Can someone explain in detail what happens stage by stage so that __LINE__ is stringified correctly, and why neither of __FILE__ ":" STRINGIFY(__LINE__) and __FILE__ ":" #__LINE__ works?
Because of the order of expansion. The GCC documentation says:
Macro arguments are completely macro-expanded before they are substituted into a macro body, unless they are stringified or pasted with other tokens. After substitution, the entire macro body, including the substituted arguments, is scanned again for macros to be expanded. The result is that the arguments are scanned twice to expand macro calls in them.
So if the argument will be stringified, it is not expanded first. You are getting the literal text in the parenthesis. But if it's being passed to another macro, it is expanded. Therefore if you want to expand it, you need two levels of macros.
This is done because there are cases where you do not want to expand the argument before stringification, most common being the assert() macro. If you write:
assert(MIN(width, height) >= 240);
you want the message to be:
Assertion MIN(width, height) >= 240 failed
and not some insane thing the MIN macro expands to (in gcc it uses several gcc-specific extensions and is quite long IIRC).

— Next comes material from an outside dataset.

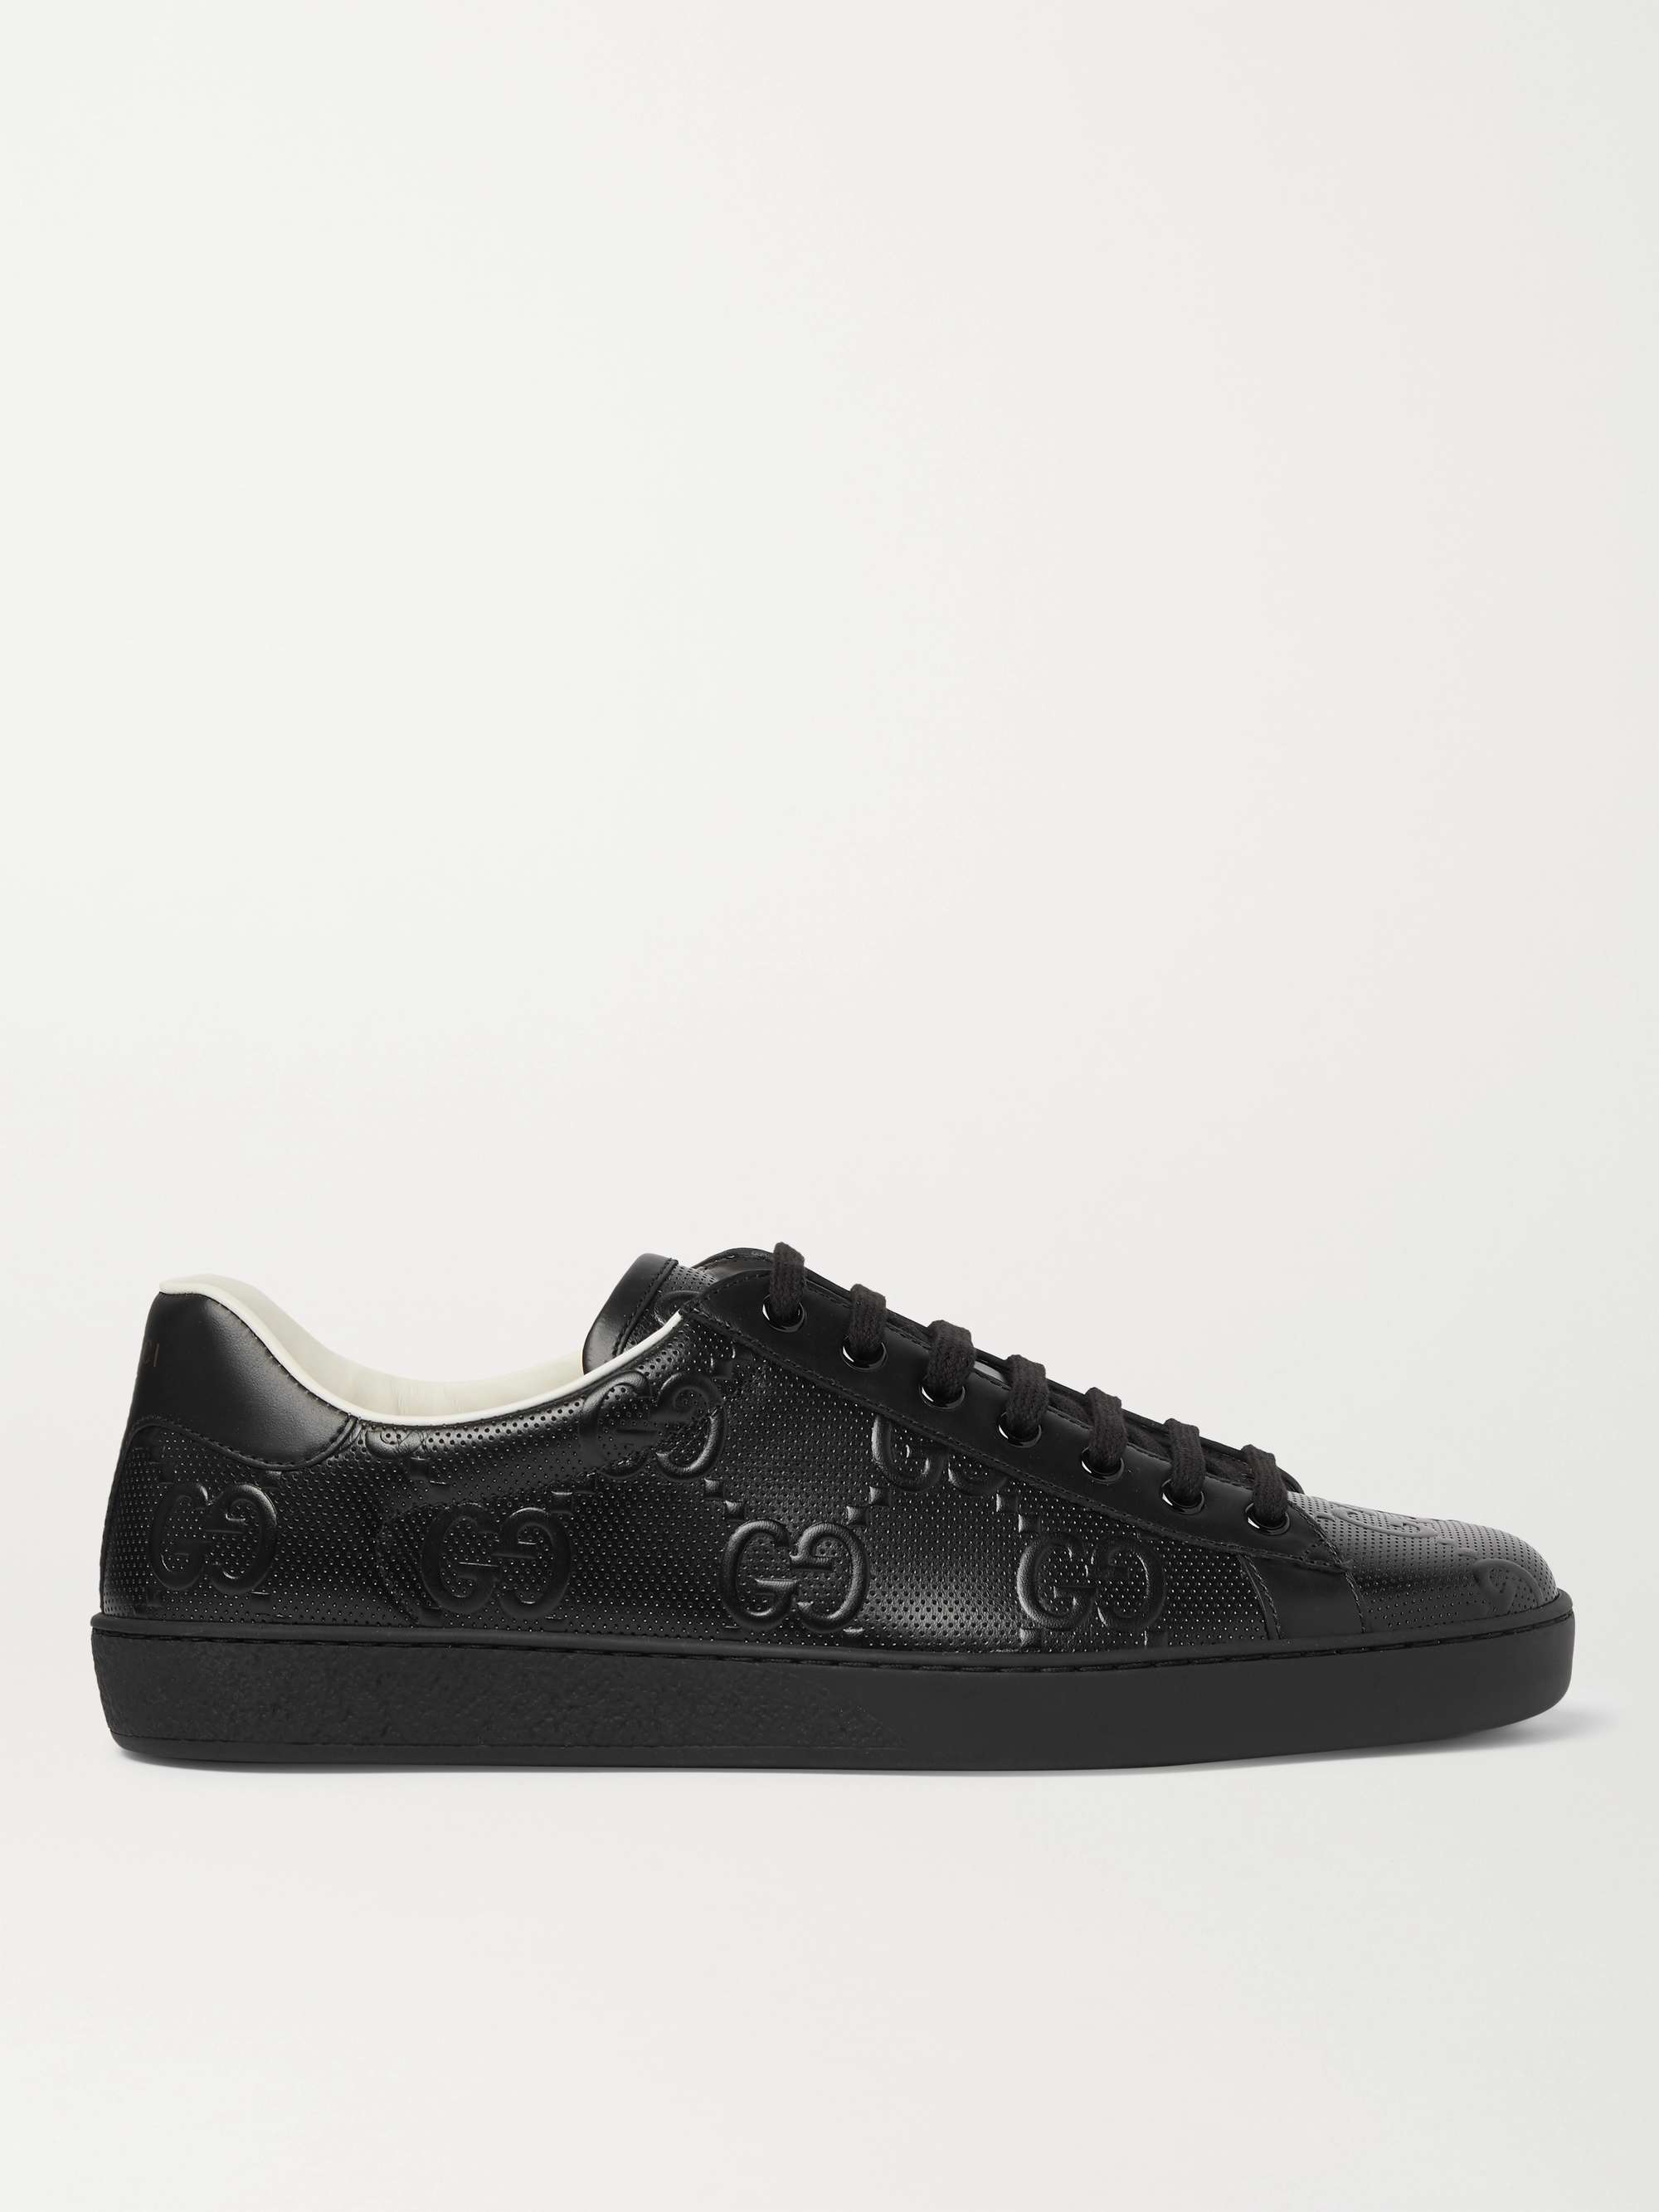 GUCCI Ace Logo-Embossed Perforated Leather Sneakers for Men | MR PORTER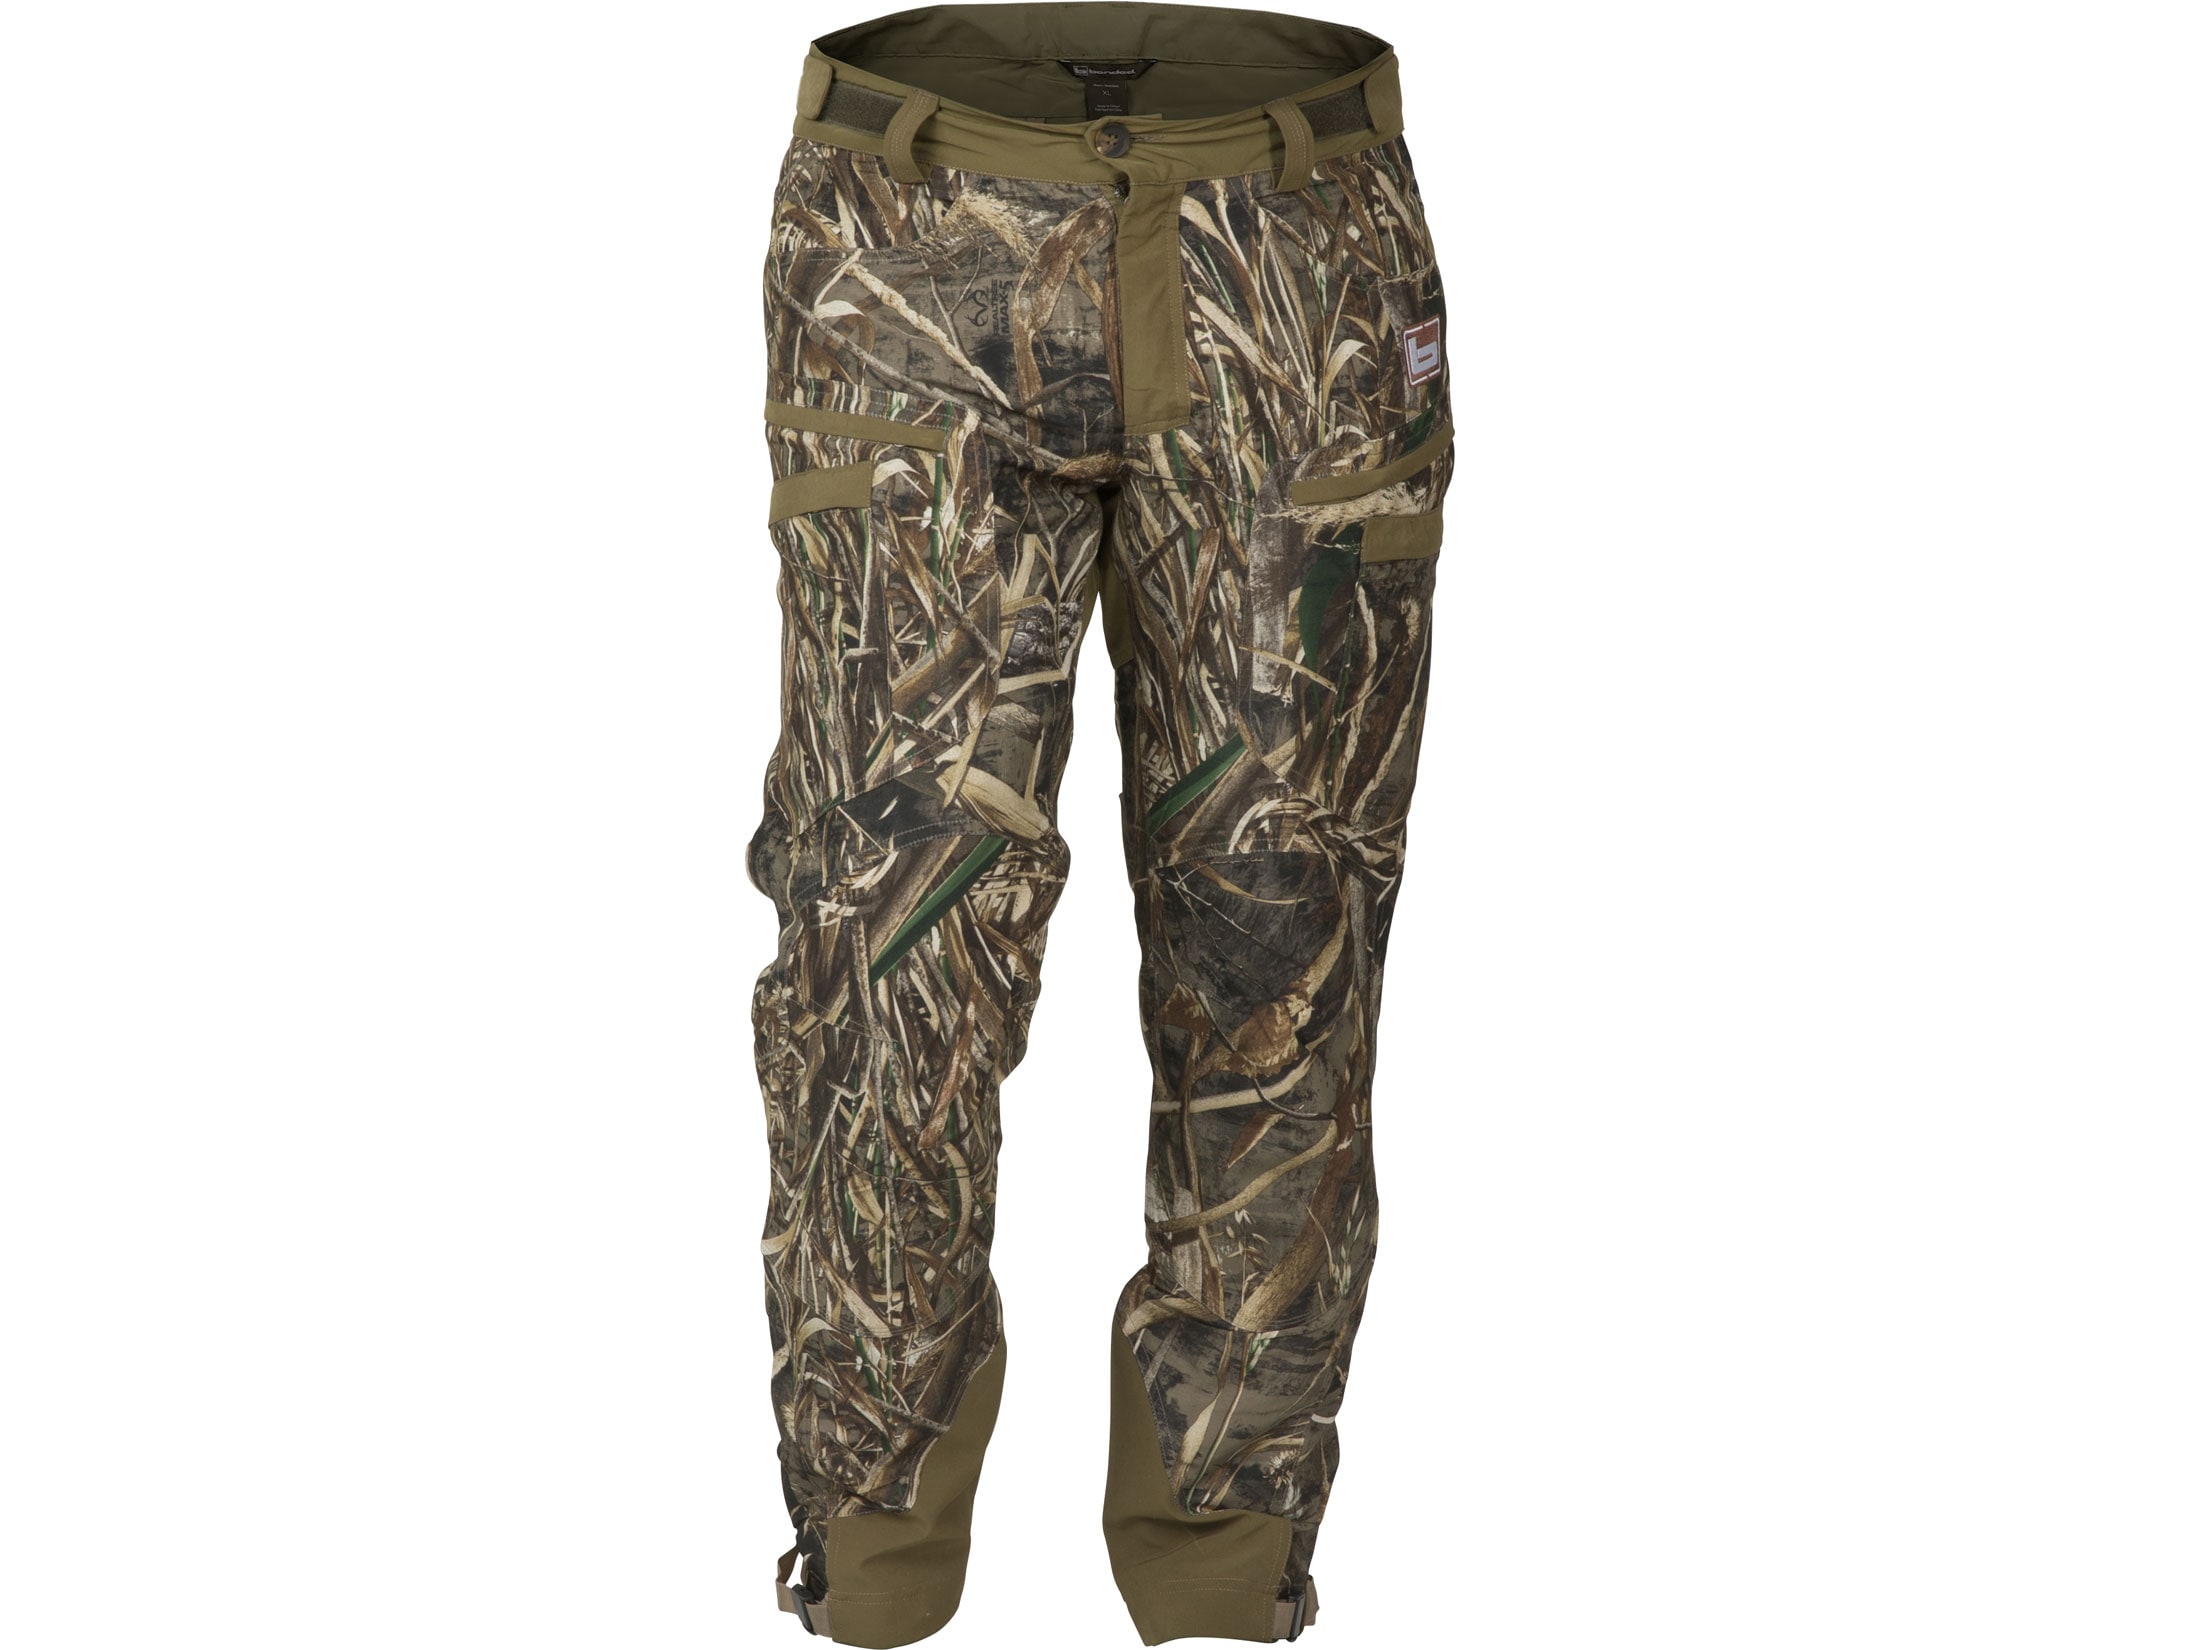 Banded Men's Lightweight Hunting Pants Polyester Realtree Max-5 Camo

You can't simply use __FILE__":"#__LINE__ because the stringify operator # can only be applied to a macro parameter.
__FILE__ ":" STRINGIFY(__LINE__) would work OK with other text (eg __FILE__ ":" STRINGIFY(foo), but doesn't work when used with another macro (which is all __LINE__ really is) as the parameter; otherwise that macro doesn't get substituted.